• WHAT IS EXPECTED:
Every line below should be copied exactly; drop the pictures.

• INPUT DATA:
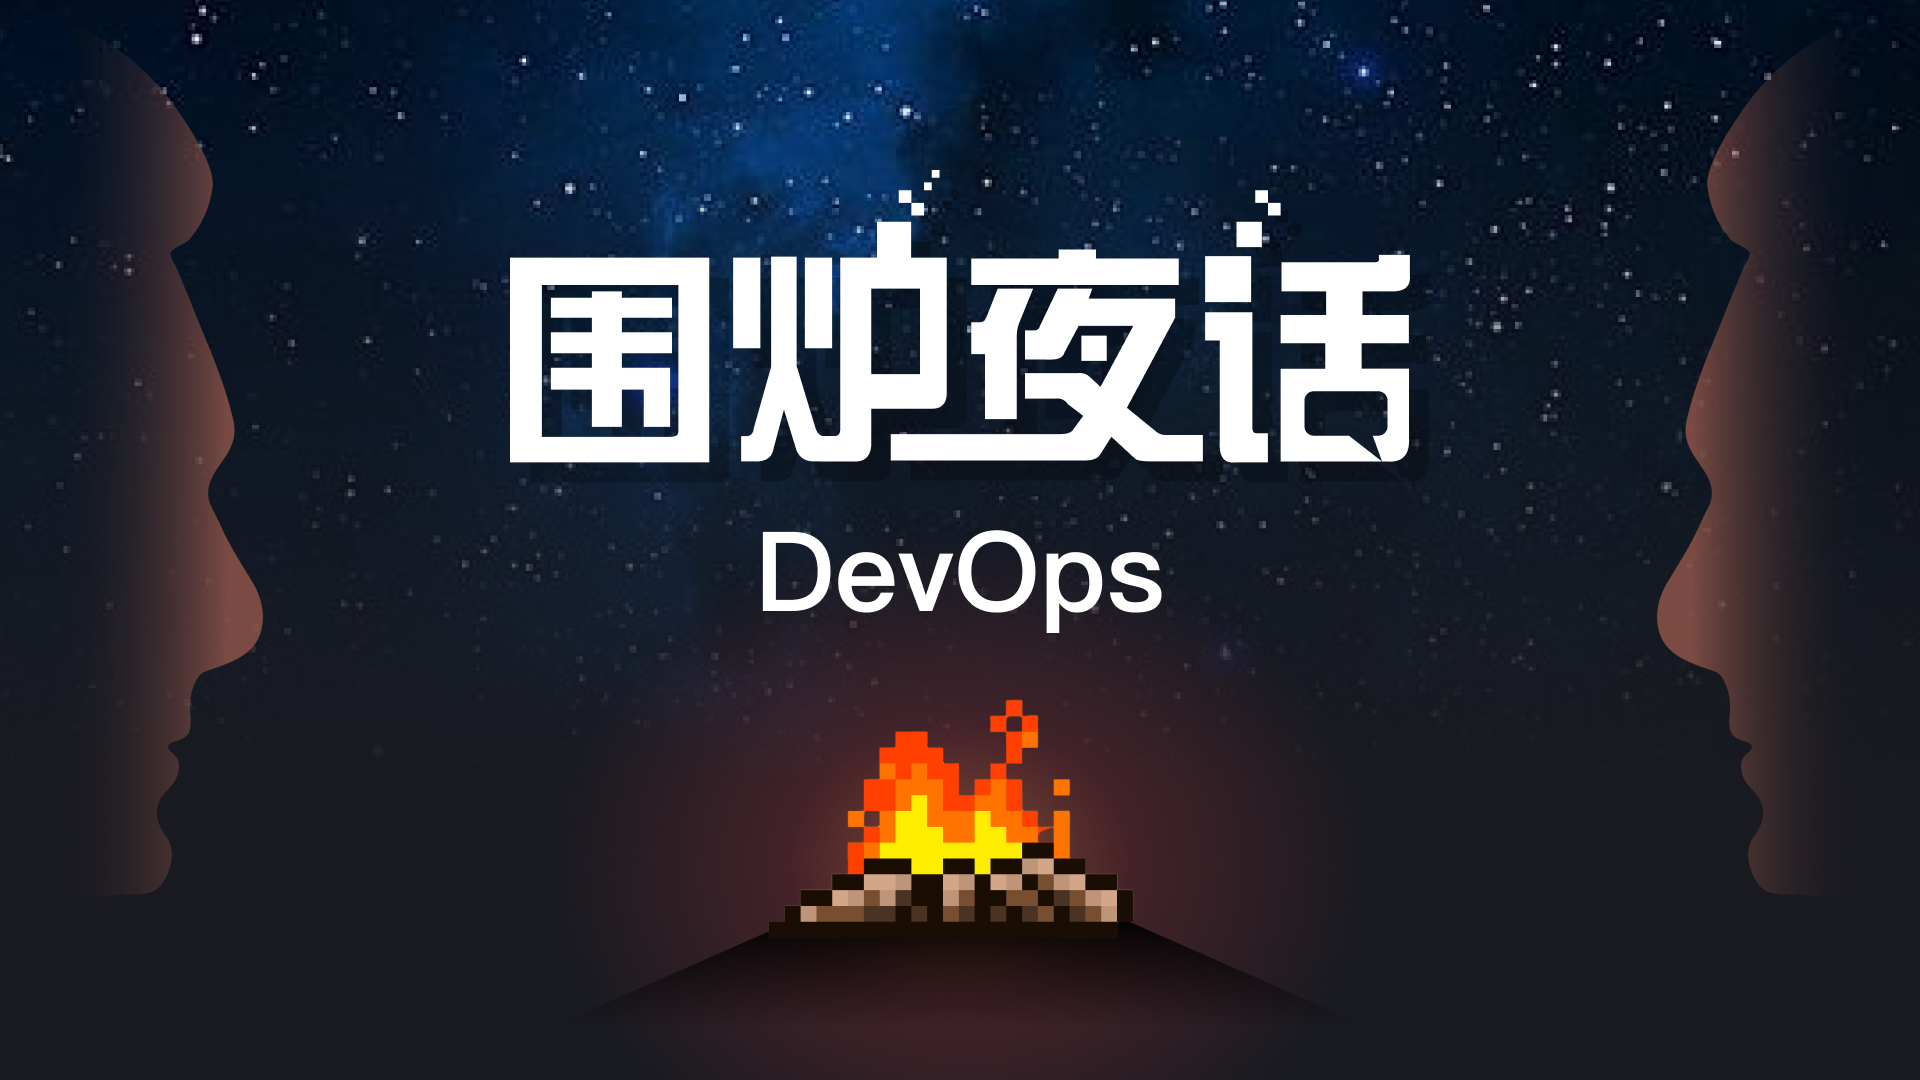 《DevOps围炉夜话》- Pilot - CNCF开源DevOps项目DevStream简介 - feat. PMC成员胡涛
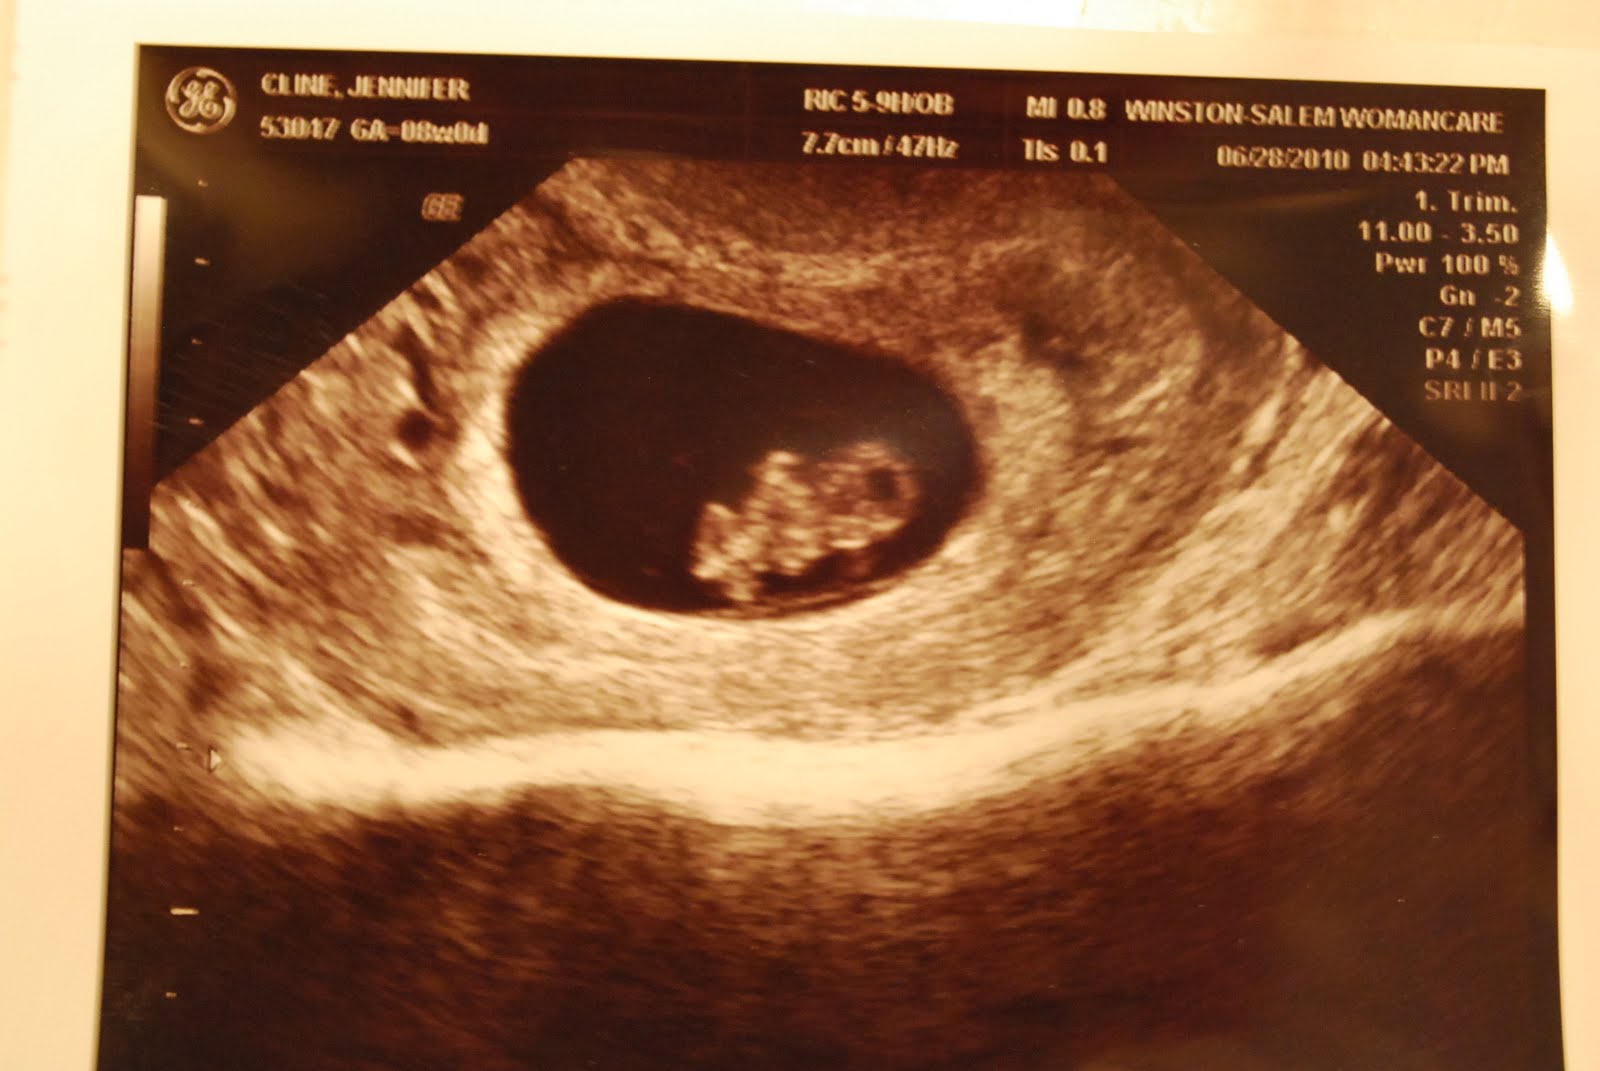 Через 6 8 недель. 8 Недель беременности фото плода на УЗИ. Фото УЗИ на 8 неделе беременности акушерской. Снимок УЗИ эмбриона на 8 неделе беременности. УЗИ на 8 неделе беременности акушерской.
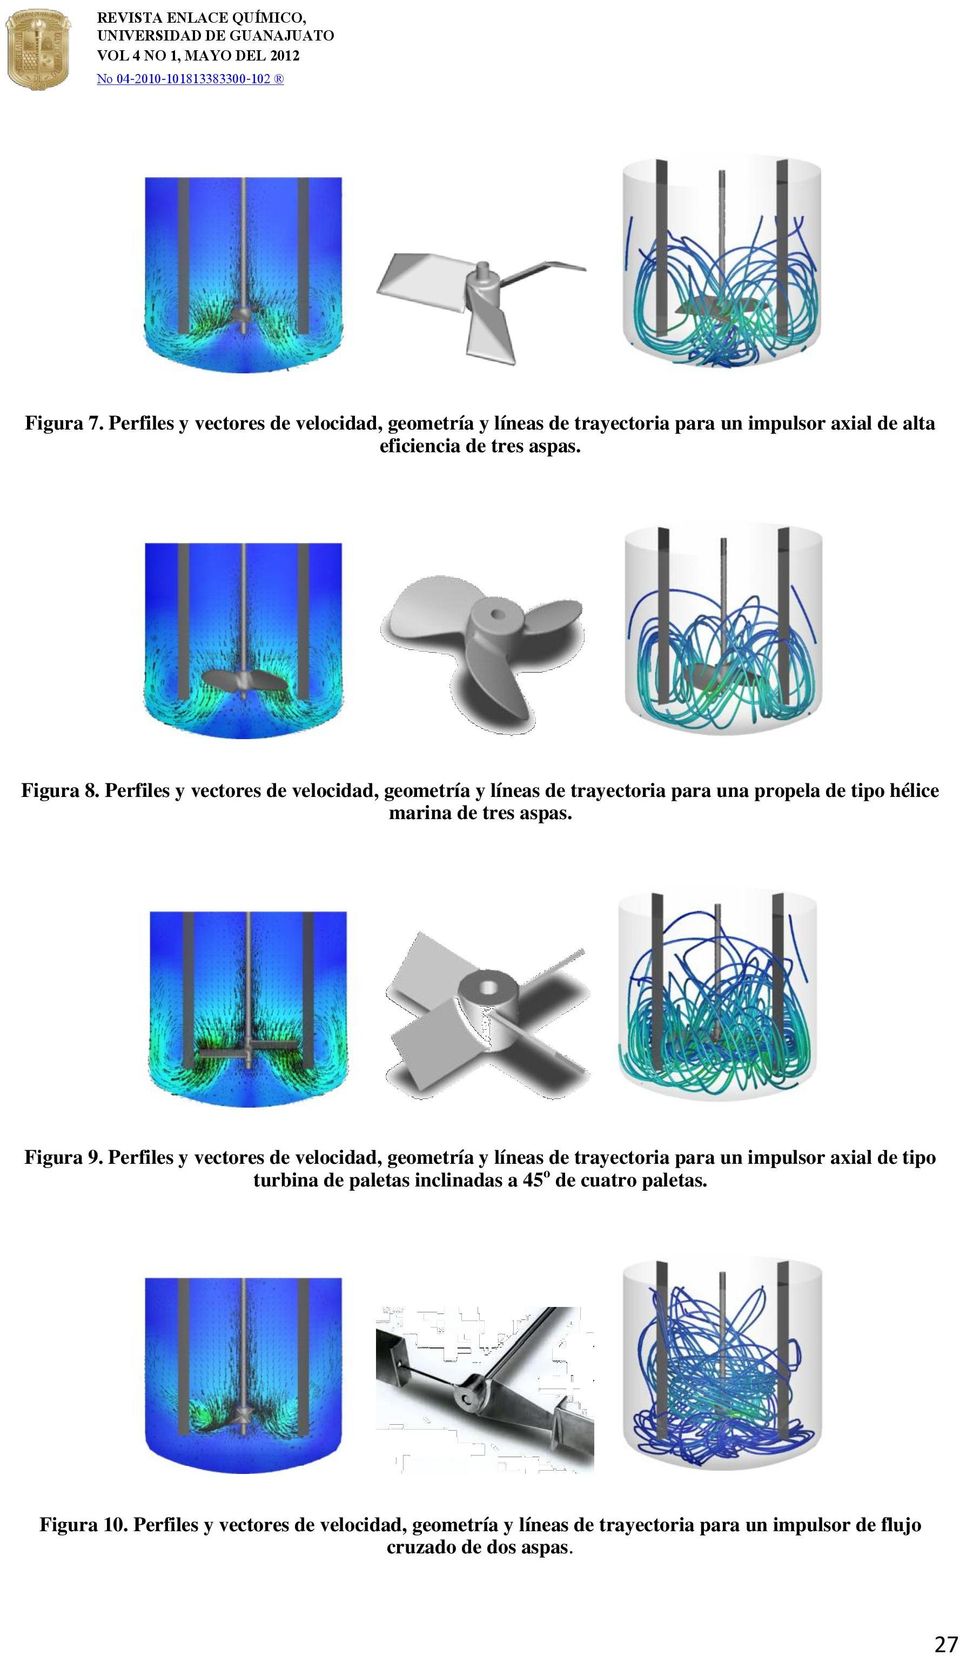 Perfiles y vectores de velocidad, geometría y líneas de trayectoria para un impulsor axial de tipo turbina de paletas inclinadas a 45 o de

• RESPONSE BELOW:
 《DevOps围炉夜话》- Pilot - CNCF开源DevOps项目DevStream简介 - feat. PMC成员胡涛
 Через 6 8 недель. 8 Недель беременности фото плода на УЗИ. Фото УЗИ на 8 неделе беременности акушерской. Снимок УЗИ эмбриона на 8 неделе беременности. УЗИ на 8 неделе беременности акушерской.
 Perfiles y vectores de velocidad, geometría y líneas de trayectoria para un impulsor axial de tipo turbina de paletas inclinadas a 45 o de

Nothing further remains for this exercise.